Antikythera Device Reproduced
The most complex mechanism of antiquity - dating 2,000 or 2,100 years old depending on how you cut it - has been successfully reproduced in stunning order. The Antikythera Device/Mechanism is an ancient mechanical calculator designs to calculate astronomical positions (it not only predicted solar eclipses but also organized the calendar in the four-year cycles of the Olympiad, forerunner of the modern Olympic Games), originally discovered in the Antikythera wreck off the Greek island of Antikythera, between Kythera and Crete, in 1901.
Nothing like this instrument is preserved elsewhere. Nothing comparable to it is known.

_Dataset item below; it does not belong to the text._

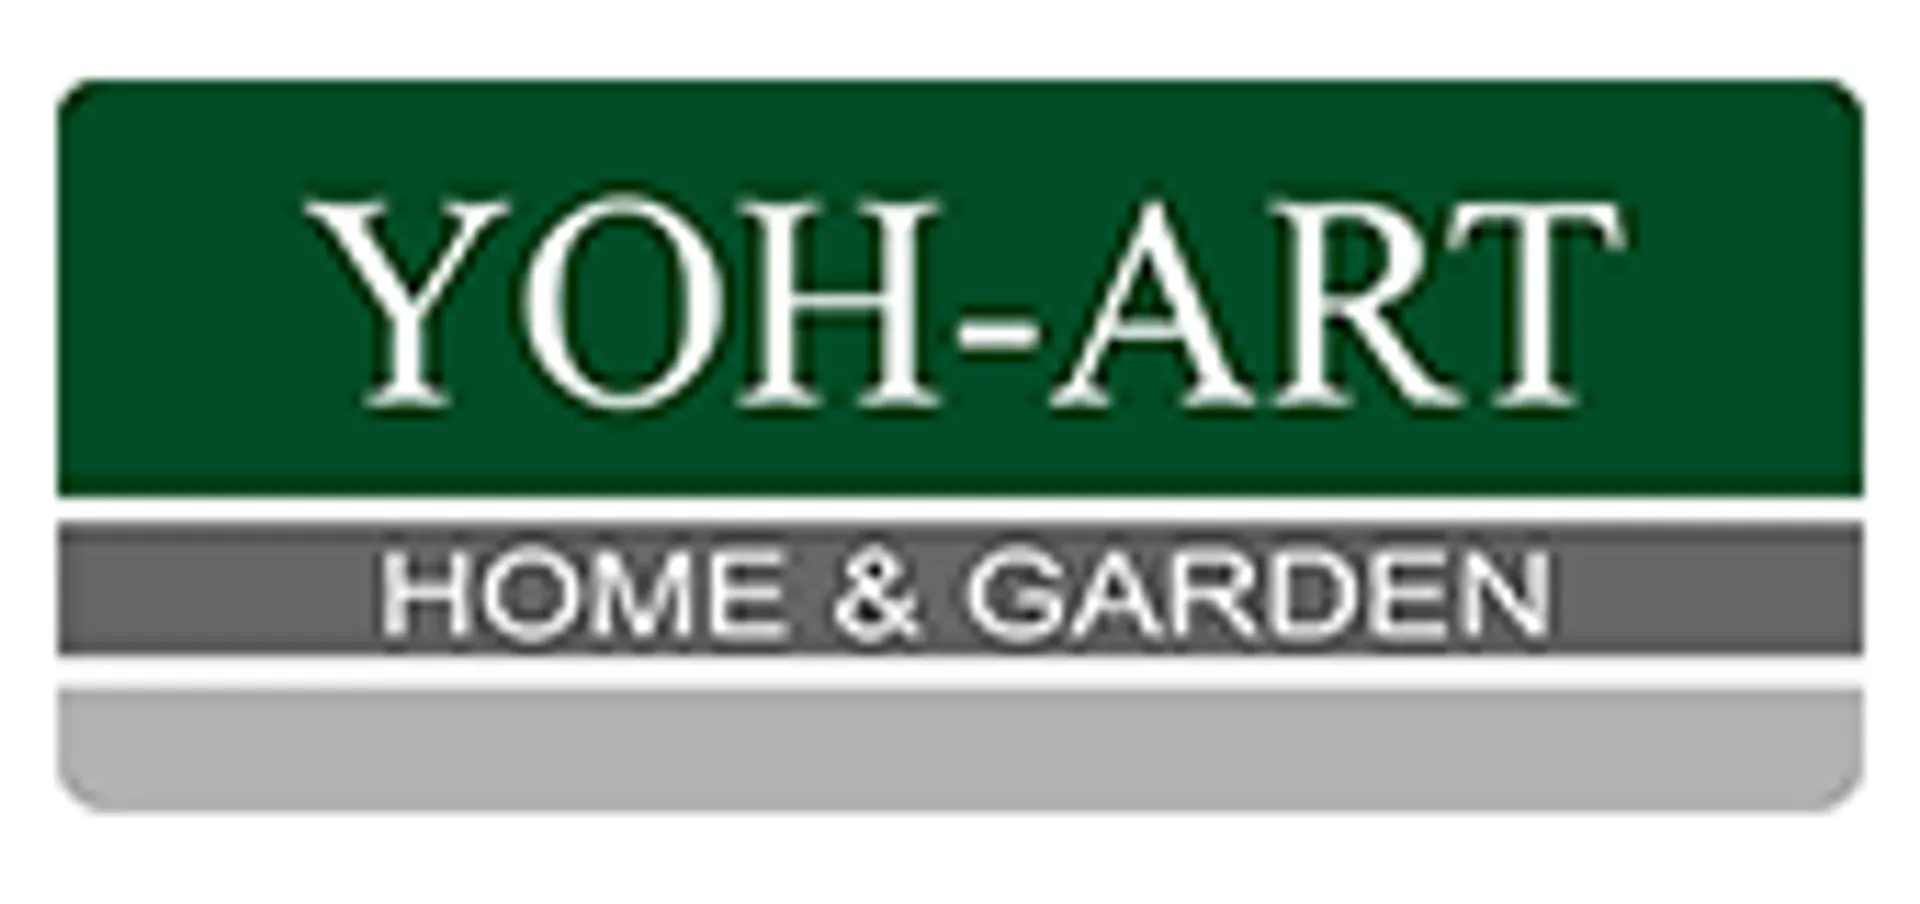 YOH-ART HOME & GARDEN logo

Professor Michael Edmunds of Cardiff University who led the study of the mechanism said: “This device is just extraordinary, the only thing of its kind. The design is beautiful, the astronomy is exactly right. The way the mechanics are designed just makes your jaw drop. Whoever has done this has done it extremely carefully.” He added: “…in terms of historic and scarcity value, I have to regard this mechanism as being more valuable than the Mona Lisa.”
A new working model of the mysterious 2,000-year-old astronomical calculator, dubbed the Antikythera Device, has been unveiled, incorporating the most recent discoveries announced two years ago by an international team of researchers.
The new model was demonstrated by its creator, former museum curator Michael Wright, who had created an earlier model based on decades of study. He demonstrates how the more complete device works in a video originally created on the New Scientist Website. (It’s part of an update story by Jo Marchant, author of Decoding the Heavens, an account not only of the device itself but also the century-old scientific quest to recover its meaning.)